After nearly three months, this still leaderless movement remains without a main mission. Darin Gibby, patent attorney and author of Why Has America Stopped Inventing?, has a suggestion and a specific way to target change.

Gibby says the Occupy movement should focus on job creation and spurring innovation at a time when nearly 15 million people are out of work. In his view, the best way to do that is to direct the protests at the U.S. Patent Office.

"One of the reasons historically why America has succeeded is that they have done it through innovation," he says. "But today there is no way for the average American to invent and to be able to capitalize on what they invent" because the patent process has not only become bogged down, but it has become too expensive for individuals to afford.

Evidence of this is the fact that innovation in this country today is half of what it was over 150 years ago, says Gibby. In the accompany interview, he explains to The Daily Ticker's Aaron Task that many of his perspective clients often give up patenting an idea after finding out it will cost them roughly $30,000 to do so and that the process could take up to five years. Plus, should a copycat infringe upon that idea, it could take $2-5 million to fight the case in court.

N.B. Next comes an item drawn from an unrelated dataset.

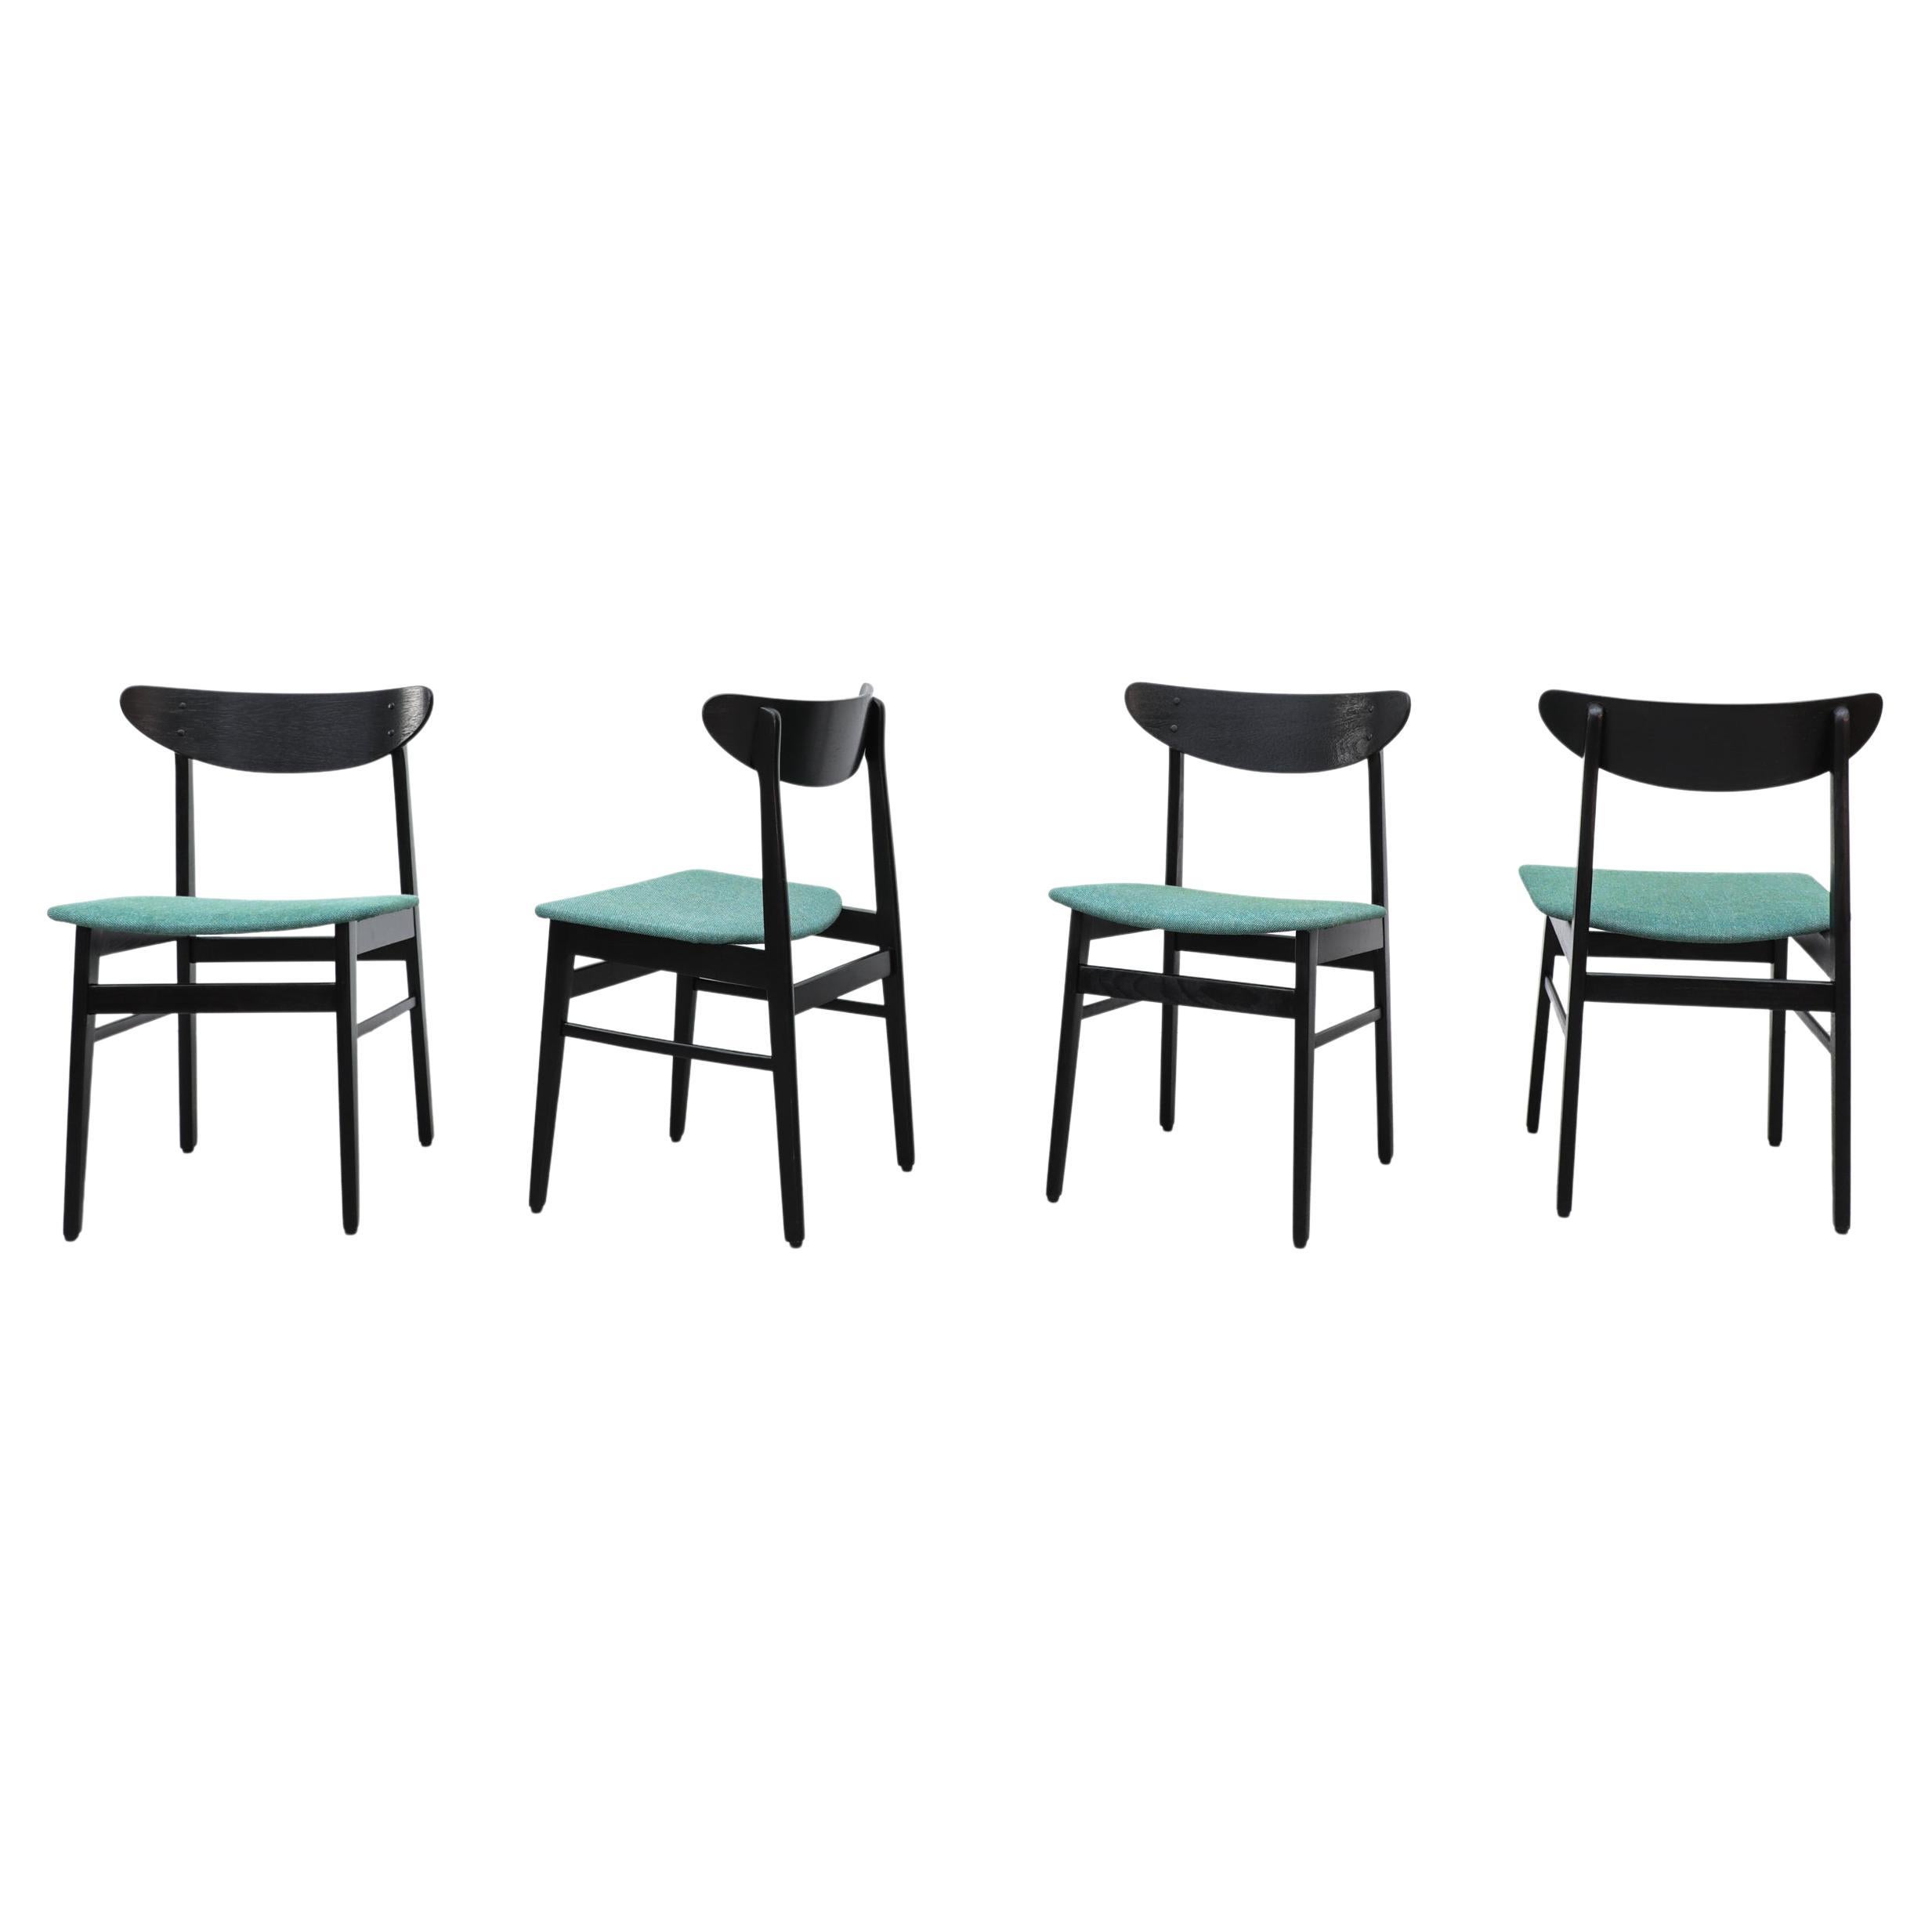 Satz von 4 schwarz lackierten Esszimmerstühlen im Wegner-Stil von Farstrup mit grünen Sitzen

Gibby says the best way to promote innovation and create jobs is to revert to the original patent laws of 1836 when inventors needed to show a working prototype of their idea and patent examiners could not declare ideas "obvious." The 'obviousness requirement' allows examiners today to reject a patent claim for being built off of bits and pieces of other patents. But the problem with this is the fact that many ideas are built off of old ideas.

His four other fixes for the patent system include:

Cutting patent terms from 14 years to 10 years.

Cutting examination time to under 6 months to break the current 5-year backlog.

Eliminate the doctrine of equivalents, which makes it difficult for competitors to enter a market because a previous patent may consider the idea or its tweaks an "equivalent" or similar.

Limit continuations to less than 20 years so patent holders cannot keep multiple patenting applications open, which clogging up the system.